Il est également à noter que Michel Oliver semble cuisiner avec un réel enthousiasme, qu’il tente de transmettre aux téléspectateurs auxquels il s’adresse régulièrement afin de capter leur attention et de les impliquer dans la préparation de la recette. La plupart du temps, les étapes de la recette qu’accomplit le présentateur sont décrites à la deuxième personne du pluriel (« vous mélangez », « je vous demande de surveiller l’arrivée de l’ébullition »), comme si le téléspectateur était lui-même en action, et Michel Oliver ponctue ses démonstrations de nombreux « regardez bien ! » destinés à mobiliser l’intérêt du public. Plus généralement, il met largement en avant le plaisir lié à la préparation d’un plat qu’il s’apprête à manger, et suscite l’appétit du public. C’est notamment le cas dans l’émission consacrée à une recette de jambon rôti au porto, que Michel Oliver dit être l’un de ses plats préférés. Après avoir vanté le doux fumet dégagé par la viande lors de sa cuisson, le cuisinier porte triomphalement le plat hors du four et s’exclame : « Regardez ça si c’est pas superbe ! Le plus beau jambon du monde ! », puis décrit avec beaucoup de qualificatifs positifs la viande qu’il dresse (Fig. 5-12). Ainsi la pratique de la cuisine n’est pas seulement désignée comme étant un enchaînement d’actions à accomplir, mais apparaît comme étant une activité plaisante. Le fait que Michel Oliver ne porte pas de tablier pour cuisiner est le signe qu’il n’accomplit pas une tâche domestique salissante mais qu’il revendique une certaine décontraction. Aussi, la réalisation de la recette dans le cadre de l’émission ne semble pas poursuivre une visée uniquement démonstrative, puisque Michel Oliver passe en cuisine pour le plaisir de pouvoir déguster ce qu’il prépare, et qu’il sert à ses invités.

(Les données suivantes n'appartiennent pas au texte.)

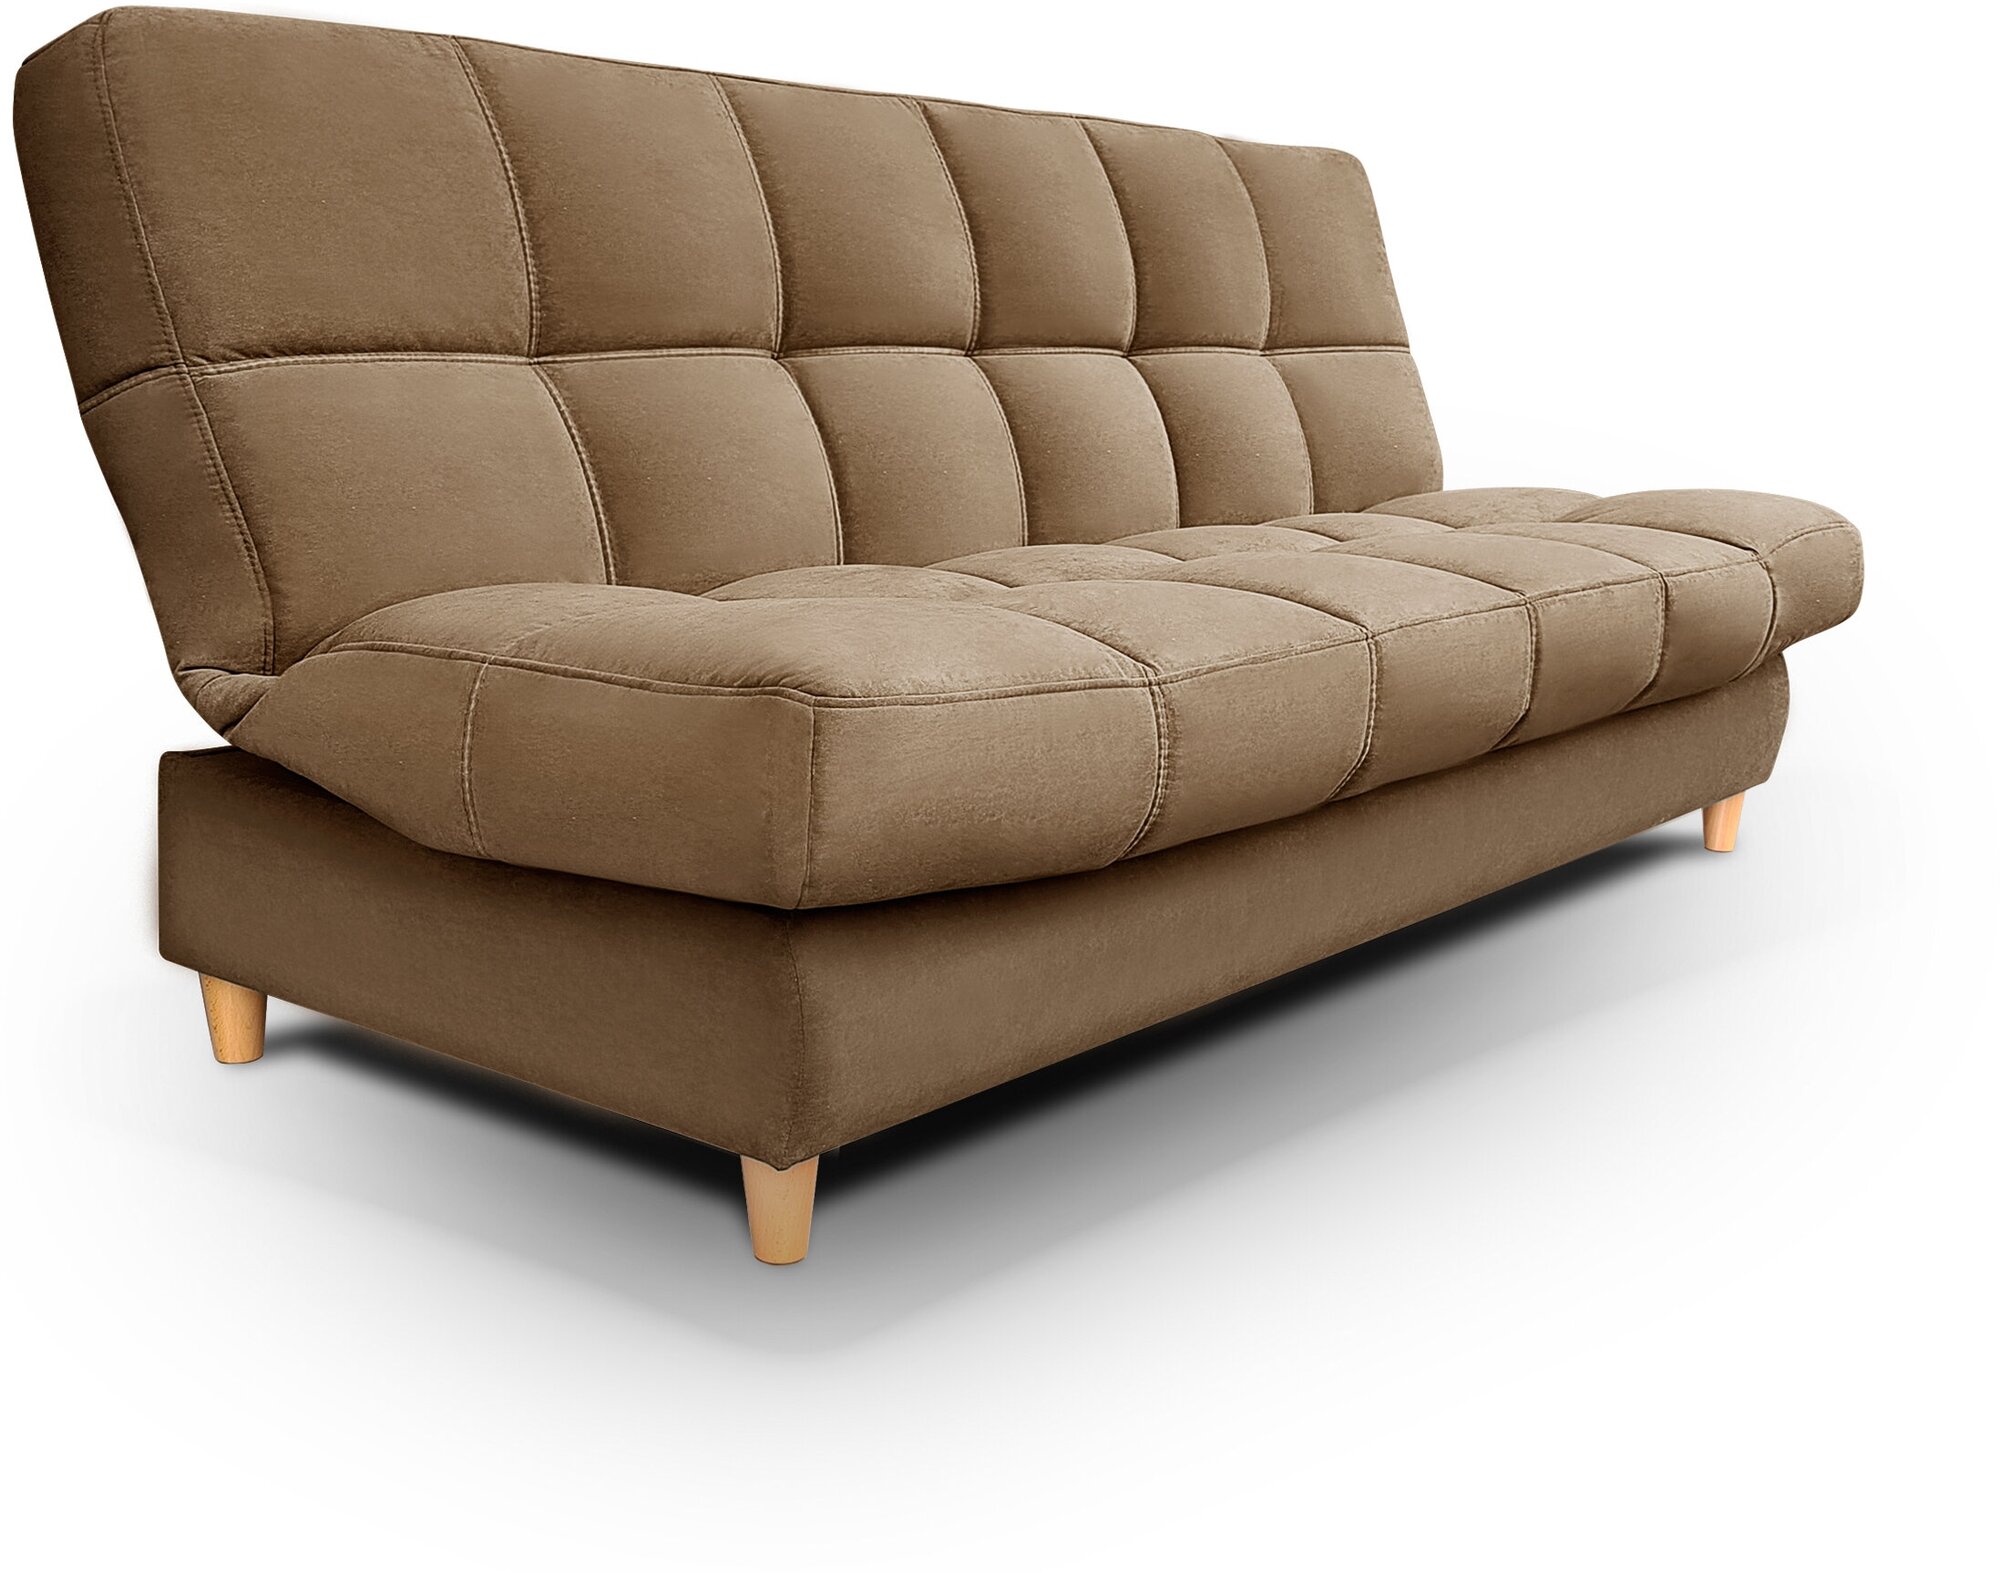 Саймон-прямой диван кровать Саймон ортопедический(коричневый)с ящиком для белья, без подлокотников, с пружинным блоком, механизм клик-кляк, 210х90х105см

Les recettes présentées dans cette émission relèvent d’une cuisine familiale et plutôt traditionnelle. Comme le montre Claudine Marenco, le terme « mijoter » contenu dans le titre du programme renvoie à un mode de cuisson valorisé en tant qu’il est le signe d’une cuisine qui fait l’objet d’un soin particulier, par opposition au « vite fait », et liée à la tradition des repas familiaux20. D’autre part, ce terme souligne la simplicité et l'accessibilité de la cuisine présentée par Michel Oliver, au sens où ce verbe ne renvoie pas à un exercice de haute cuisine mais à une façon de cuisiner plus ordinaire. De fait, le répertoire culinaire de l’émission, dont on trouvera plus bas une analyse commune aux différents programmes de Michel Oliver, se révèle être tout à fait conforme à l’effet d’annonce que représentait son titre.

20 Claudine Marenco, Manières de table, modèles de mœurs : 17ème-20ème siècle, Cachan, Editions de l’ENS Cachan, 1992, p. 239.